*** Block opens ***

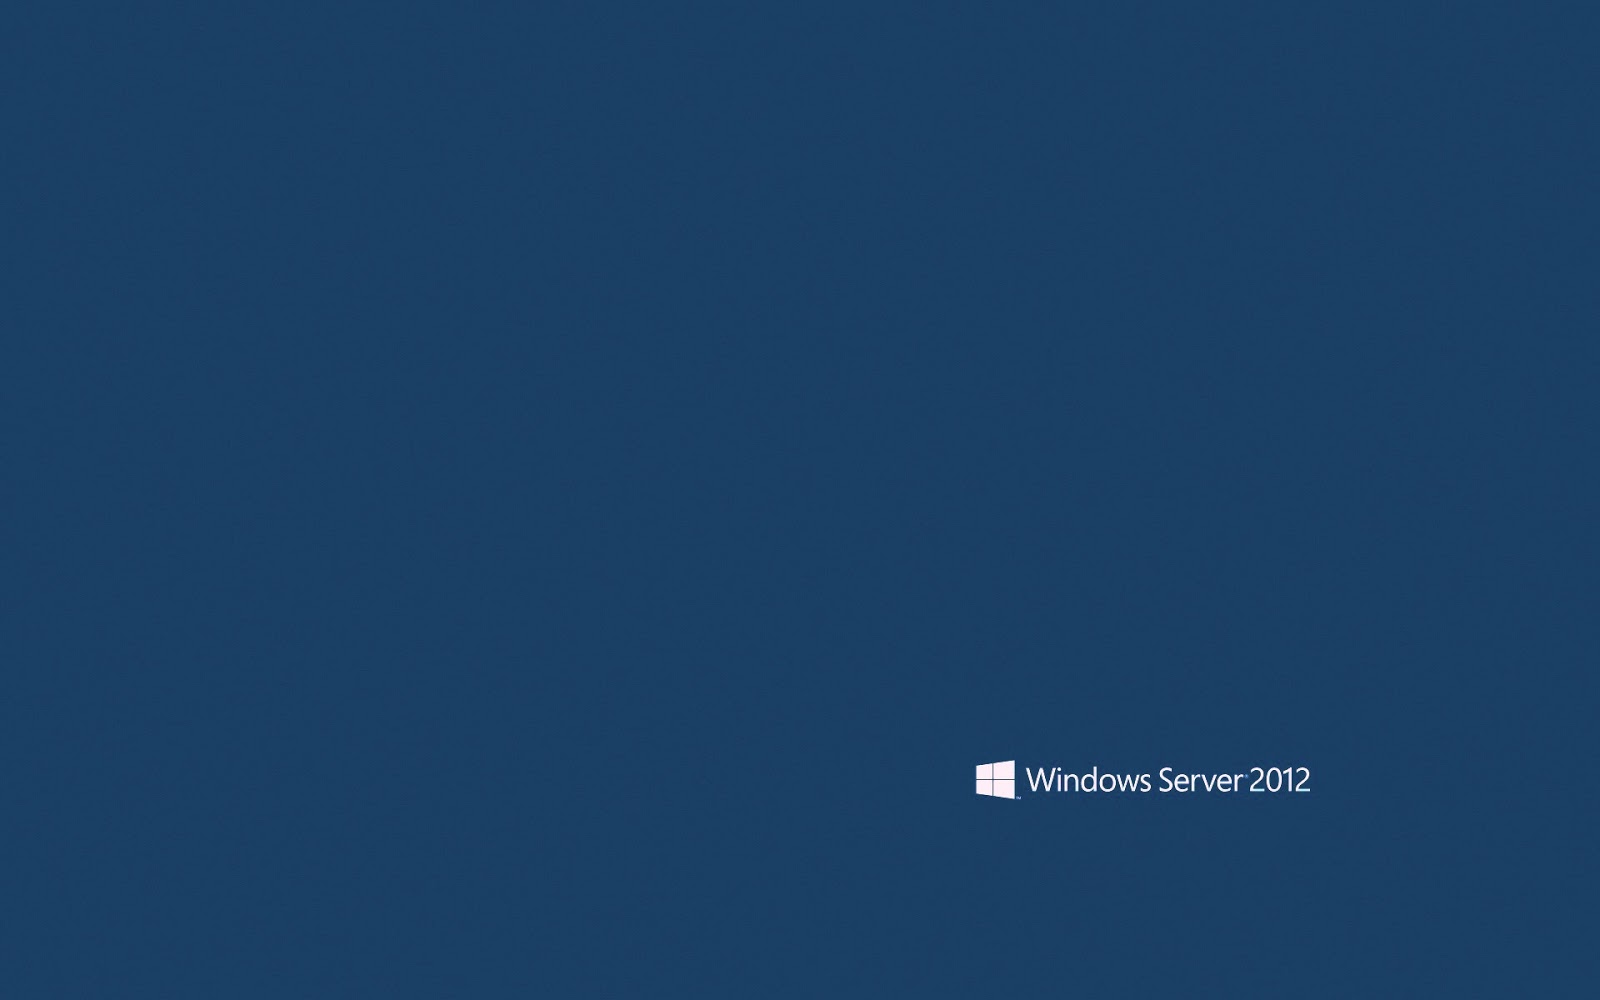 Windows Server 2012 Wallpaper Collection Windows Server 2012
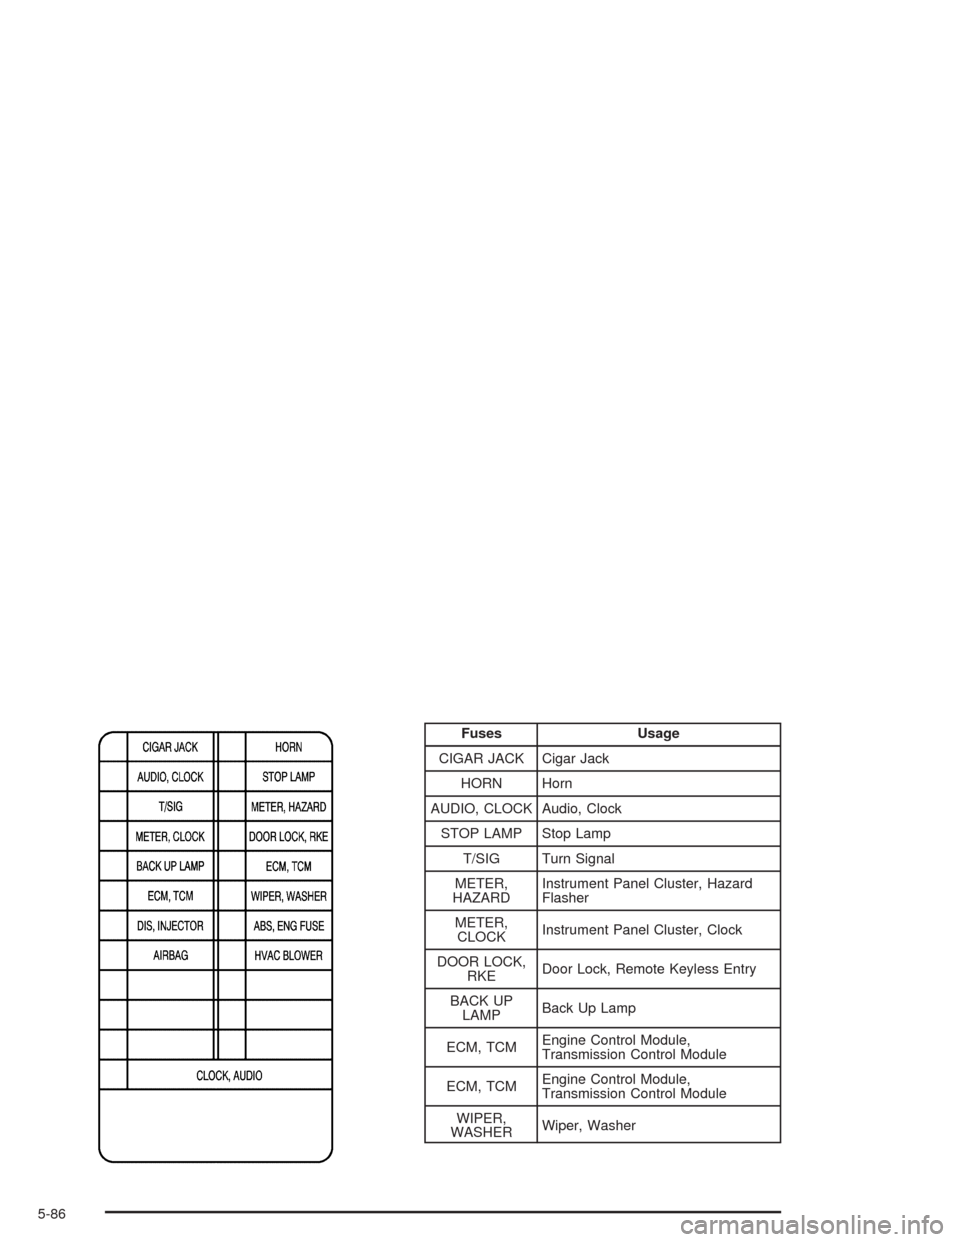 CHEVROLET AVEO 2004 1.G Owners Manual Fuses Usage
CIGAR JACK Cigar Jack
HORN Horn
AUDIO, CLOCK Audio, Clock
STOP LAMP Stop Lamp
T/SIG Turn Signal
METER,
HAZARDInstrument Panel Cluster, Hazard
Flasher
METER,
CLOCKInstrument Panel Cluster, 
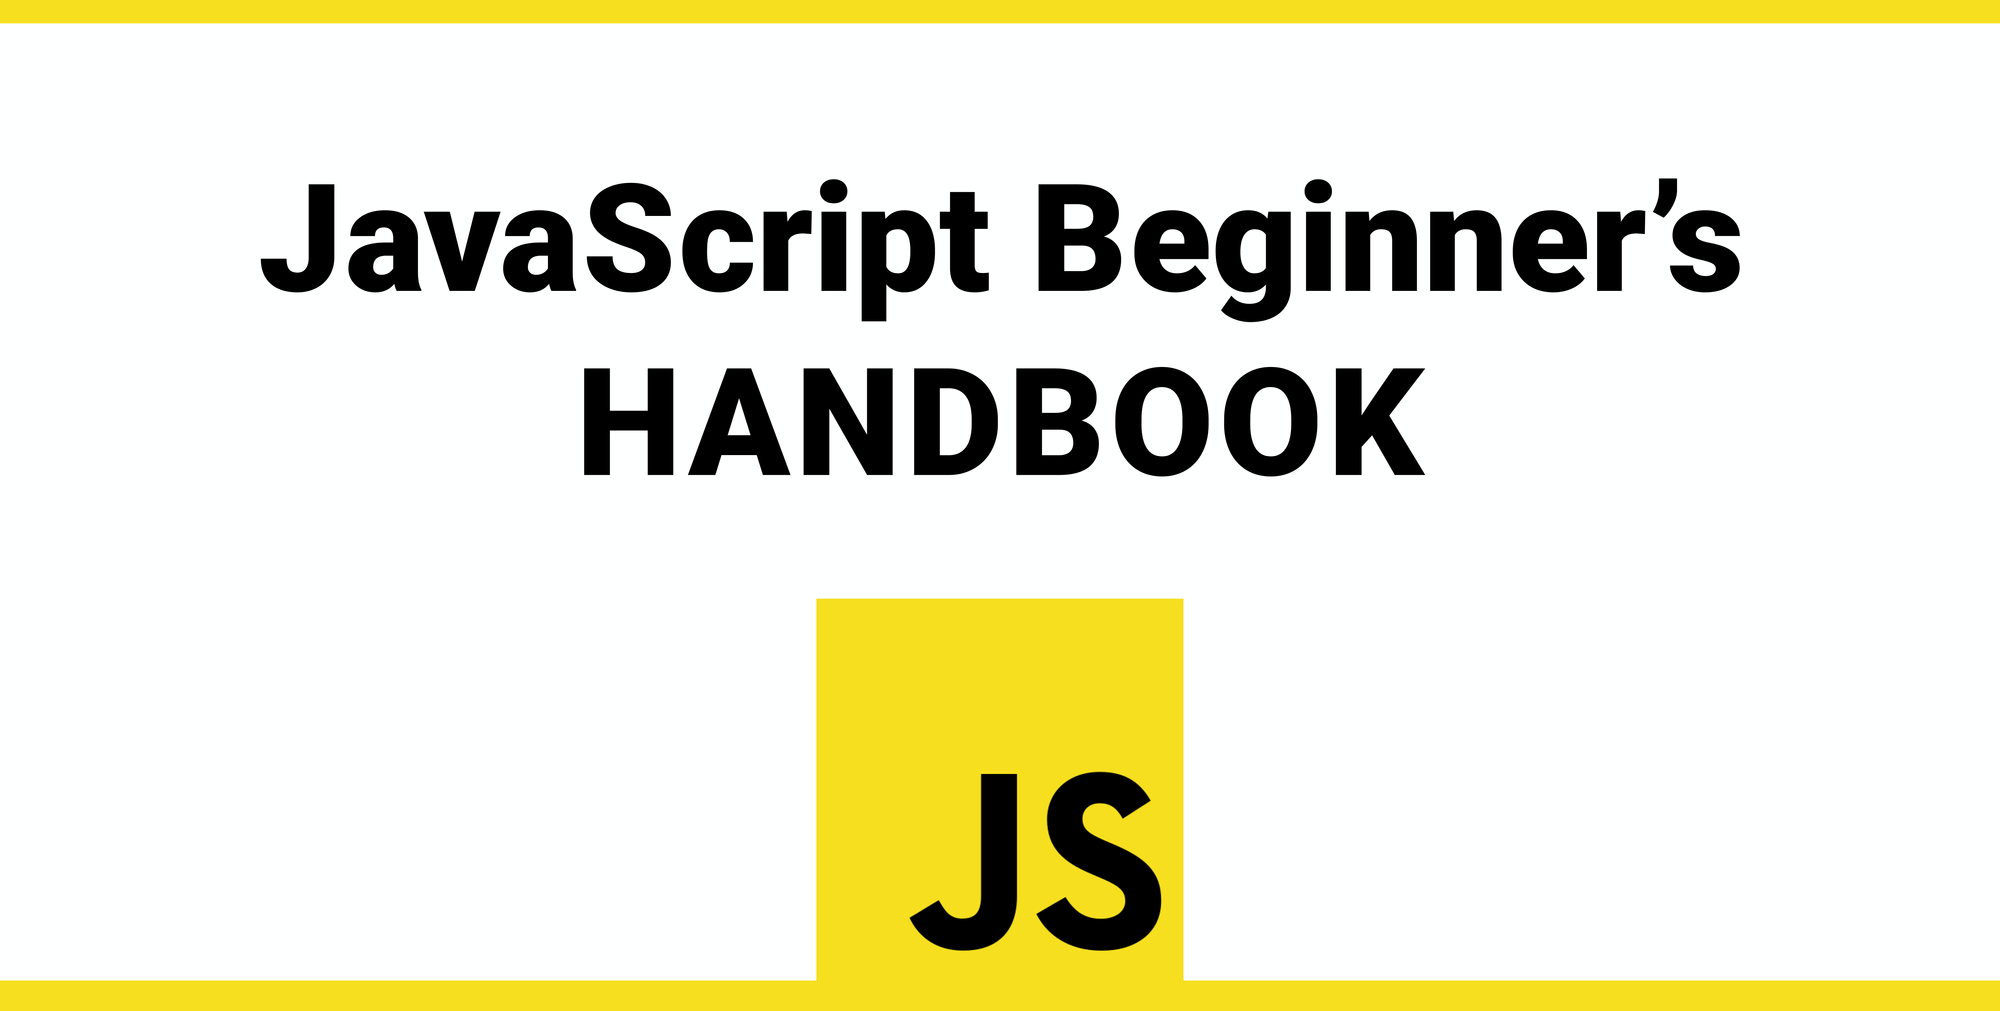 The JavaScript Beginner's Handbook (2020 Edition)
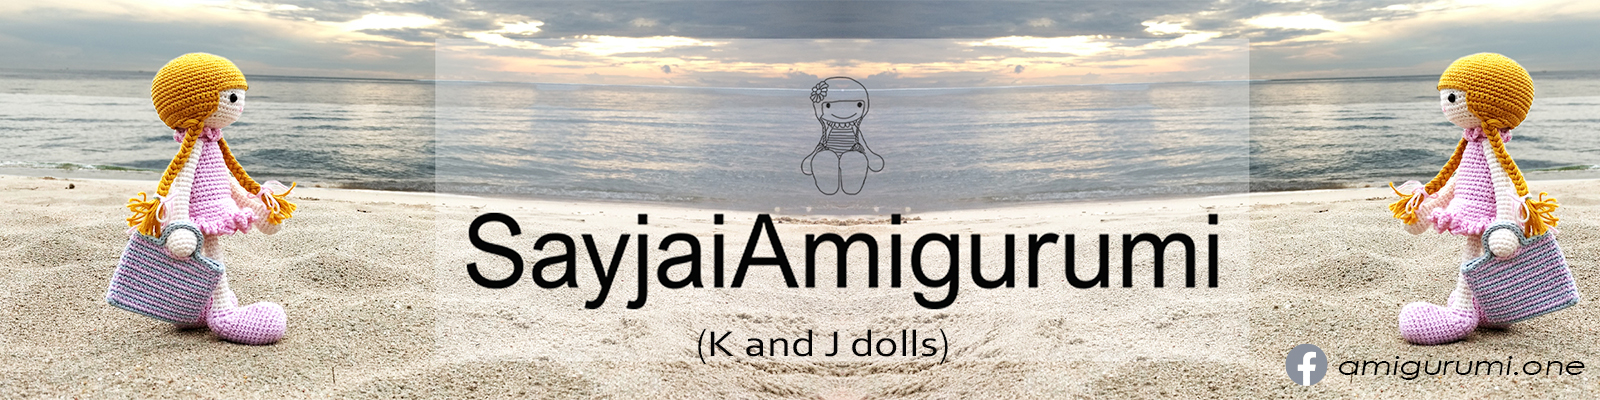 Sayjai Amigurumi Crochet Patterns and Crochet Kits~ K and J Dolls / K and J Publishing

*** Block closes ***

=== Task goal ===
Would you output the data exactly, without any of its images?

=== Response area ===
 Windows Server 2012 Wallpaper Collection Windows Server 2012
 CHEVROLET AVEO 2004 1.G Owners Manual Fuses Usage
CIGAR JACK Cigar Jack
HORN Horn
AUDIO, CLOCK Audio, Clock
STOP LAMP Stop Lamp
T/SIG Turn Signal
METER,
HAZARDInstrument Panel Cluster, Hazard
Flasher
METER,
CLOCKInstrument Panel Cluster, 
 The JavaScript Beginner's Handbook (2020 Edition)
 Sayjai Amigurumi Crochet Patterns and Crochet Kits~ K and J Dolls / K and J Publishing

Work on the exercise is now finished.